2.2 Penyakit Tuberkulosis Pada Pasien Diabetes Mellitus
Peningkatan risiko tuberkulosis aktif pada penderita DM diduga akibat dari
gangguan sistem imun yang ada pada penderita DM, peningkatan daya lekat kuman
Mycobacterium tuberculosis pada sel penderita DM, adanya komplikasi
mikroangiopati, makroangiopati dan neuropati, dan banyaknya intervensi medis
pada pasien tersebut. Gangguan fungsi dari endotel kapiler vaskular paru, kekakuan
korpus sel darah merah, perubahan kurva disosiasi oksigen akibat kondisi
hiperglikemia yang lama menjadi faktor kegagalan mekanisme pertahanan
melawan infeksi. Meningkatnya kepekaan primer pasien DM terhadap infeksi
penyakit TB paru disebabkan oleh adanya hiperglikemi yang sangat berperan dalam
mudahnya penularan TB pada pasien DM.
14
Kegagalan sistem imun menjadi penyebab DM sebagai faktor risiko aktivasi
TB laten. Dikatakan bahwa DM memiliki potensi untuk bermanifestasi ke dalam
bentuk klinis yang lebih berat (Restrepo, et al, 2008). Respons selular baik innate
maupun adaptive menyebabkan gangguan fungsi pada pasien DM, padahal respons
selular merupakan respons yang paling penting untuk membatasi infeksi TB. Secara
umum pada penelitian menunjukkan tidak ada perbedaan jumlah sel limfosit,
makrofag, monosit, namun satu penelitian menunjukkan jumlah limfosit yang
menurun pada pasien TB dengan DM dibandingkan pasien TB tanpa DM (Aweis,
et al, 2010).

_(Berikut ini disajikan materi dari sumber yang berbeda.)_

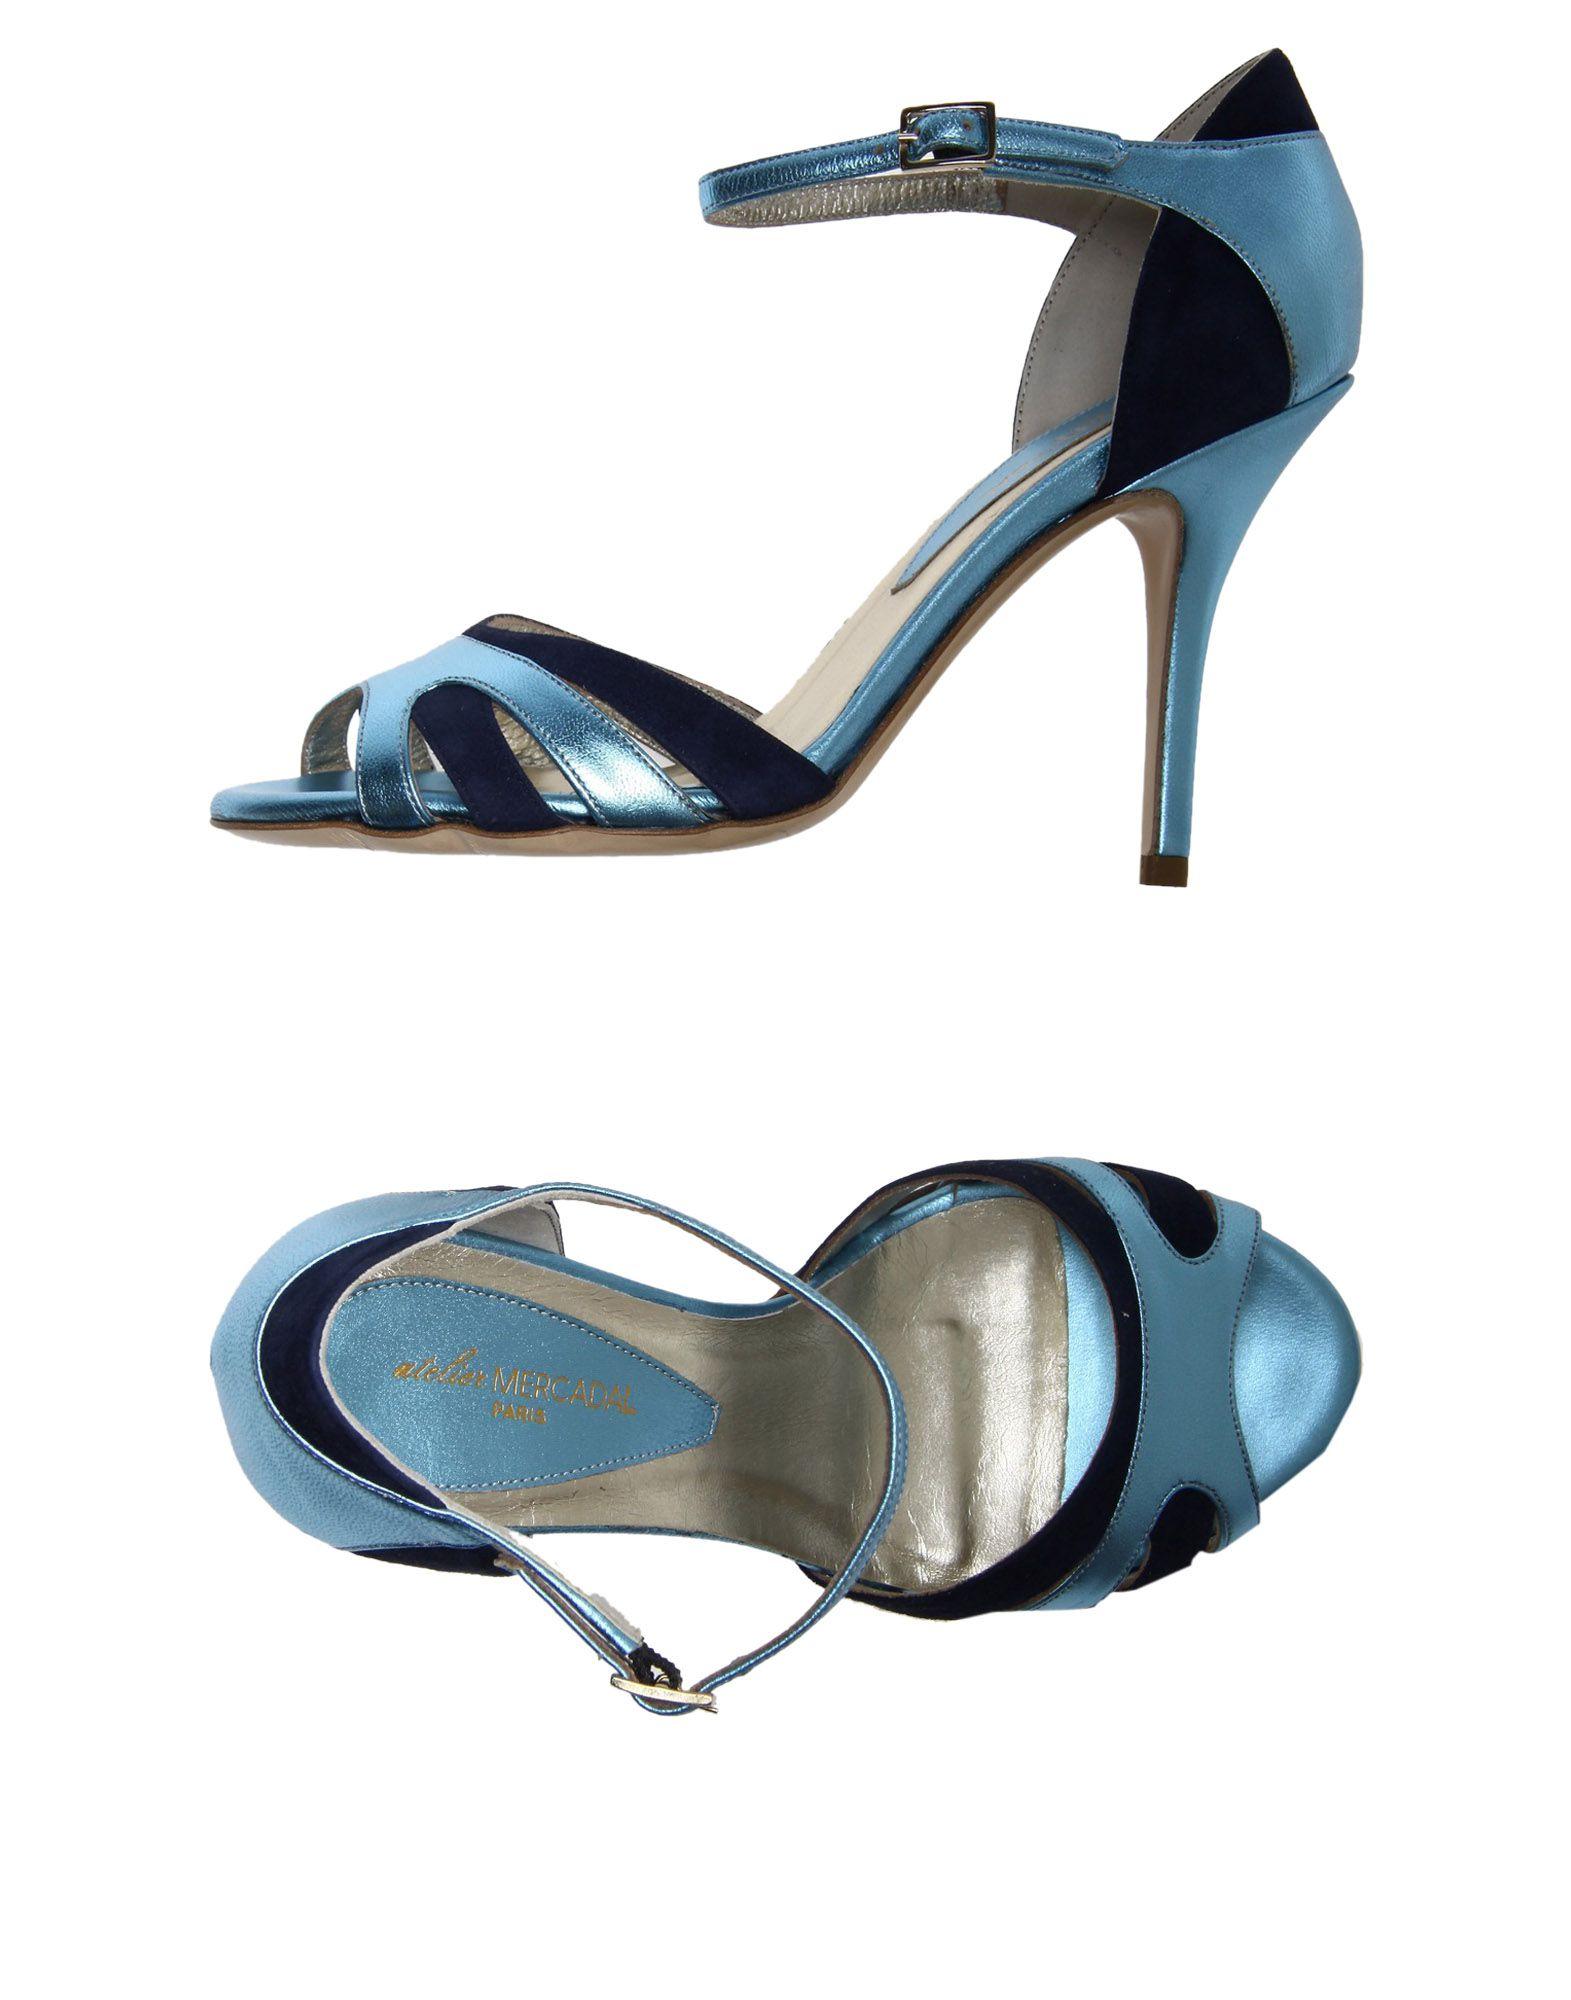 Atelier Mercadal Sandals - Women Women Women Atelier Mercadal Sandals online on  Canada - 44891501LR 45d685

Kadar sitokin TNF- dan IFN- meningkat pada pasien dengan TB dan
DM, kedua sitokin ini penting untuk aktivasi makrofag dan membatasi infeksi.
Sitokin yang dihasilkan oleh sistem imun baik innate immunity maupun adaptive
immunity sangat berperan dalam pertahanan tubuh terhadap kuman Mycobacterium
tuberculosis yang kemudian dapat menginduksi imunitas seluler tipe 1, yang
merupakan respons utama tubuh untuk melawan TB. Hal ini menunjukkan bahwa
respons sel imun selular menurun dan membutuhkan rangsangan yang lebih tinggi
untuk optimalisasi respons imun (Restrepo, et al, 2008).
2.3 Skrining Tuberkulosis
Skrining merupakan salah satu upaya mengidentifikasi penyakit- penyakit
yang tidak diketahui/tidak terdeteksi dengan menggunakan berbagai test/uji yang
dapat diterapkan secara tepat dalam sebuah skala yang besar. Skrining merupakan
salah satu cara untuk mengidentifikasi penyakit yang belum tampak melalui suatu
tes atau pemeriksaan atau prosedur lain yang dapat dengan cepat memisahkan
antara orang yang mungkin menderita penyakit dengan orang mungkin tidak
menderita penyakit.
15
Dalam melakukan penampisan dan diagnosis, akan memberikan beberapa
kemungkinan hasil yang meliputi positif benar, positif semu, negatif semu dan
negatif benar (Sastroasmoro, 2011). Penyajian data kemungkinan hasil yang
diperoleh dari skrining tersebut ditampilkan dalam tabel 2x2. Indikator yang
digunakan untuk melihat keakuratan suatu uji skrining dan diagnosis yaitu adanya
nilai sensitivitas dan nilai spesitivitas. Sensitivitas merupakan kemampuan alat
diagnosis untuk mendeteksi suatu penyakit dengan hasil tes positif. Sedangkan
nilai spesitivitas merupakan kemampuan suatu alat diagnosis untuk menentukan
bahwa subyek tidak sakit (Sastroasmoro, 2011).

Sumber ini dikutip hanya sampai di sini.